In the United States, high prices are swelling profits at energy firms, just as at Aramco. But oil companies are cautious about making investments, and US production is creeping up only gradually. Nobody in the oil and gas industry wants another boom-bust cycle driven by excess supply that ultimately tanks prices. There’s more excitement about cashing in on booming demand for renewables.

There are ways Biden could impose some pain on Saudi Arabia. Democratic Sen. Chris Murphy of Connecticut wants Biden to move US Patriot air-defense missiles that are currently in Saudi Arabia to Ukraine or to NATO allies in Europe, and to redirect a forthcoming sale of air-to-air missiles from Saudi Arabia to Ukraine, as well. The Saudis face a militant foe across the Persian Gulf—Iran—and could feel vulnerable without US weaponry. Of course, the Saudis could also retaliate by cutting oil supplies even more.

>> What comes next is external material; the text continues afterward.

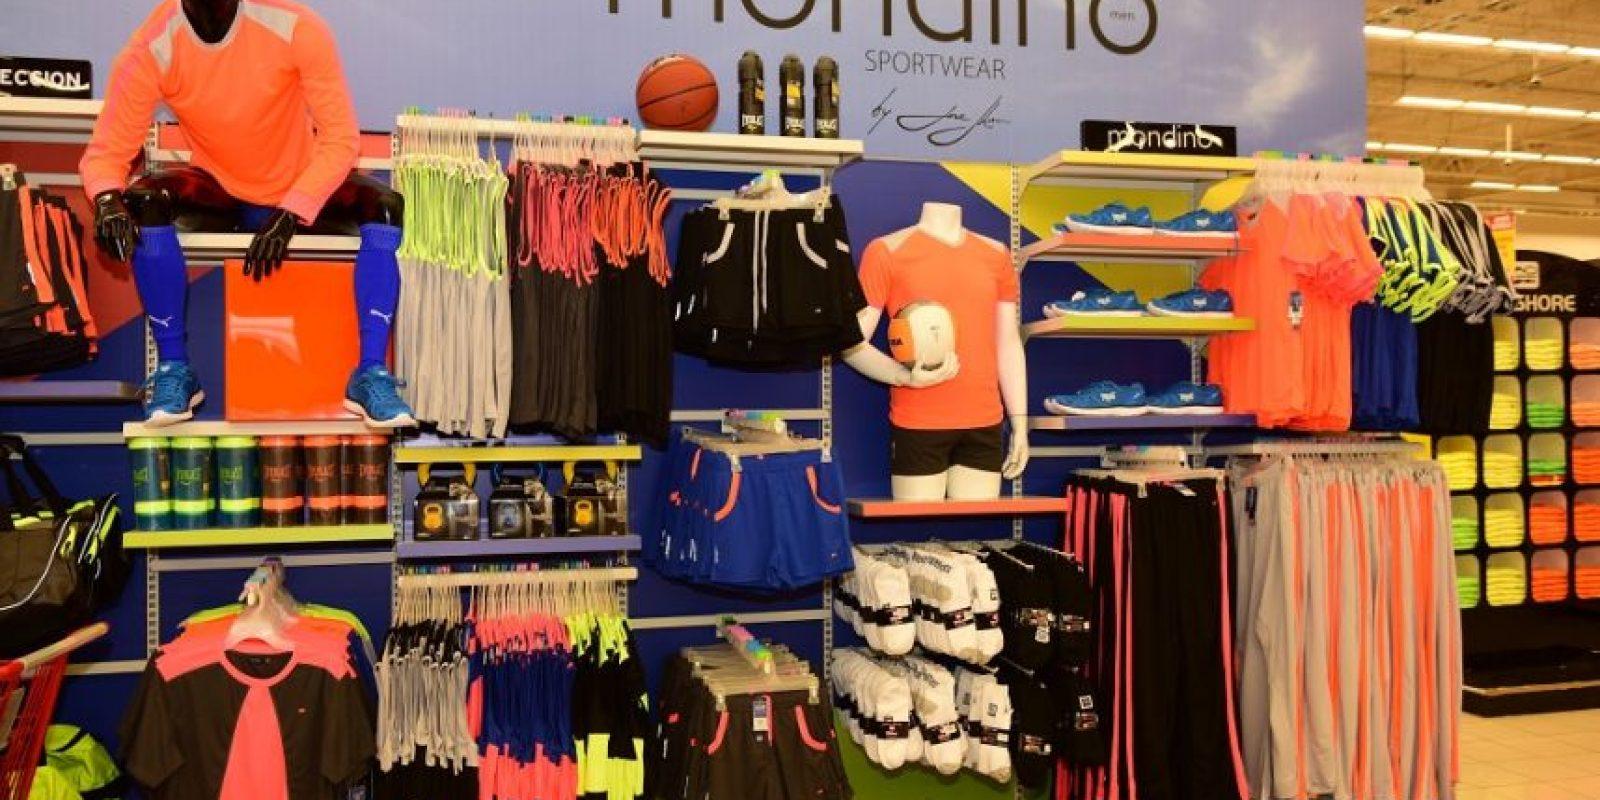 La nueva colección deportiva Mondino Sportwear by José Jhan ya está disponible en todas las tiendas Jumbo. Foto:cortesía de Grupo ccn
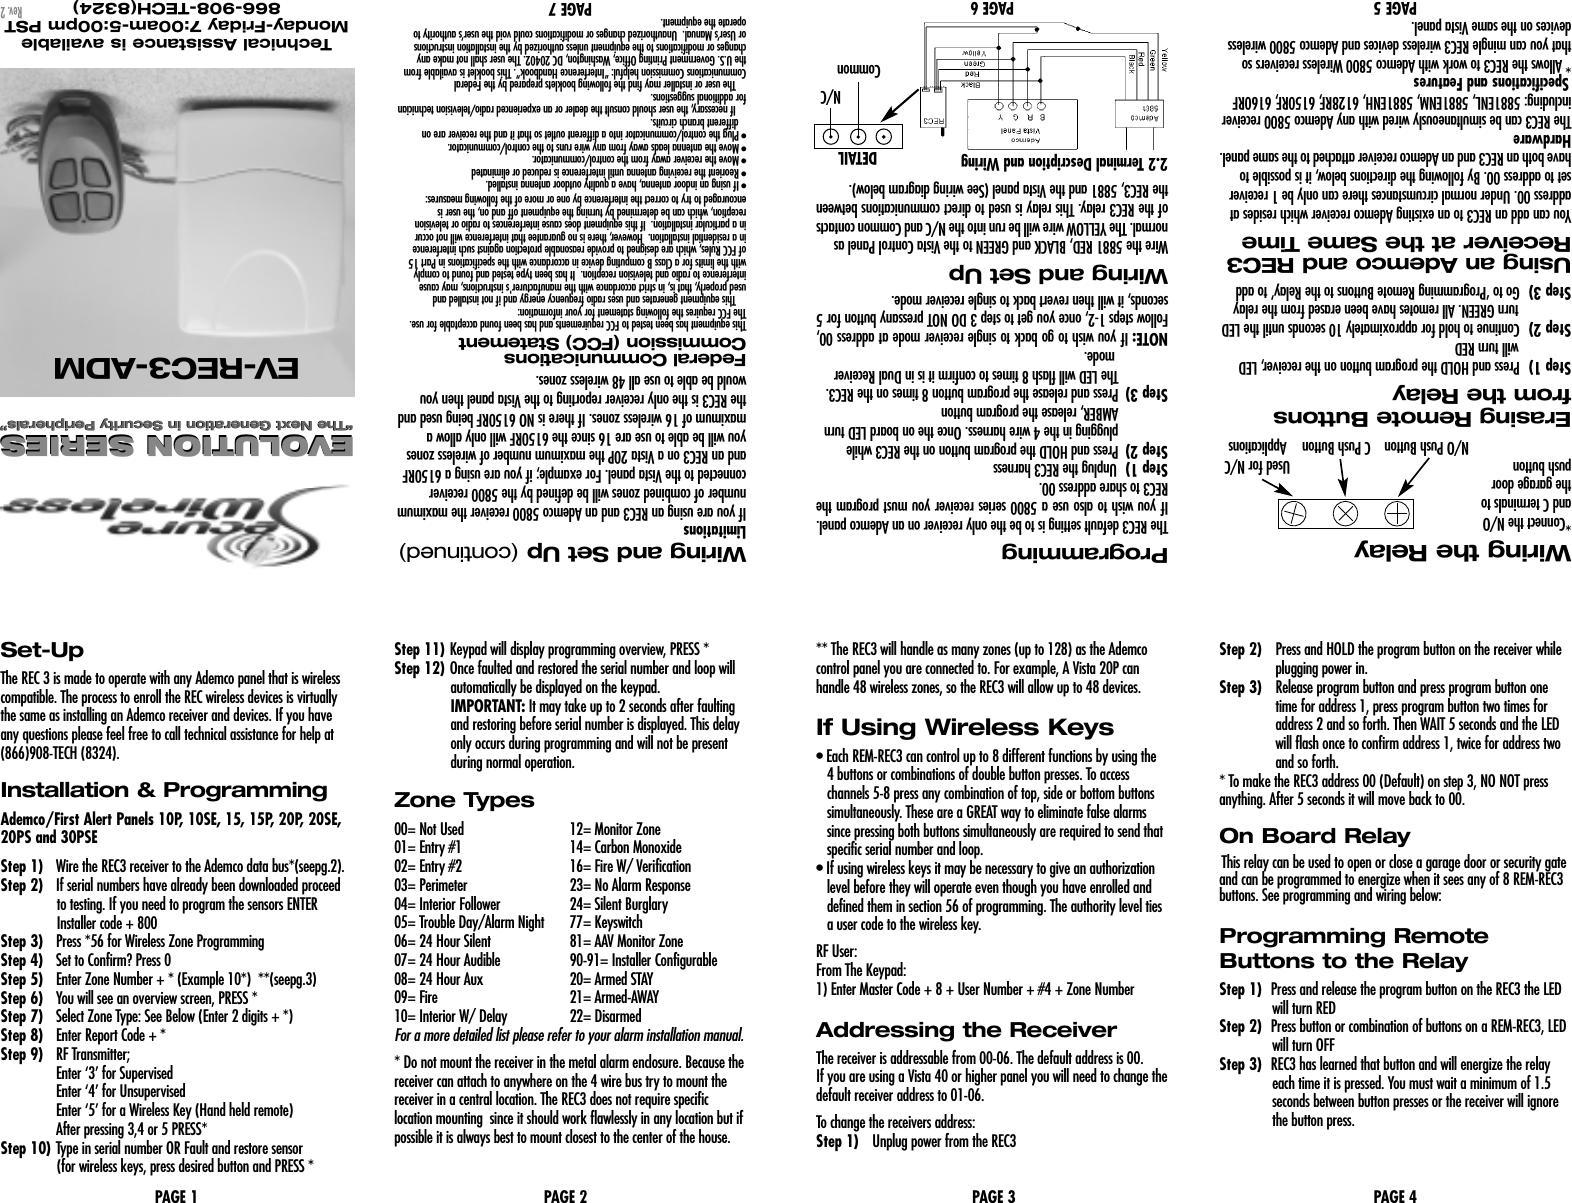 Ebay Motors Security Center Manual Guide

Manchin, in his letter to Biden, listed a series of things Biden could do, some involving Congressional legislation, to encourage more US oil and natural gas production: fast-track permitting for pipelines and other types of infrastructure, speed oil and gas leasing, fully staff all the federal agencies with energy oversight. Even if he did all that however, it wouldn’t change much about the financial risk of investing in a declining industry.

What might really ease US reliance on non-democratic nations such as Saudi Arabia is a sharp cutback in fossil fuel use. That’s coming, as more people drive electric cars and install solar roofs, and efficiency measures get better. But the transition to renewables will take a long time and face many barriers, such as the difficulty building high-voltage transmission lines able to quickly move power around the country. For years to come, we will still need energy from producers we don’t like who face fewer constraints that we do here at home.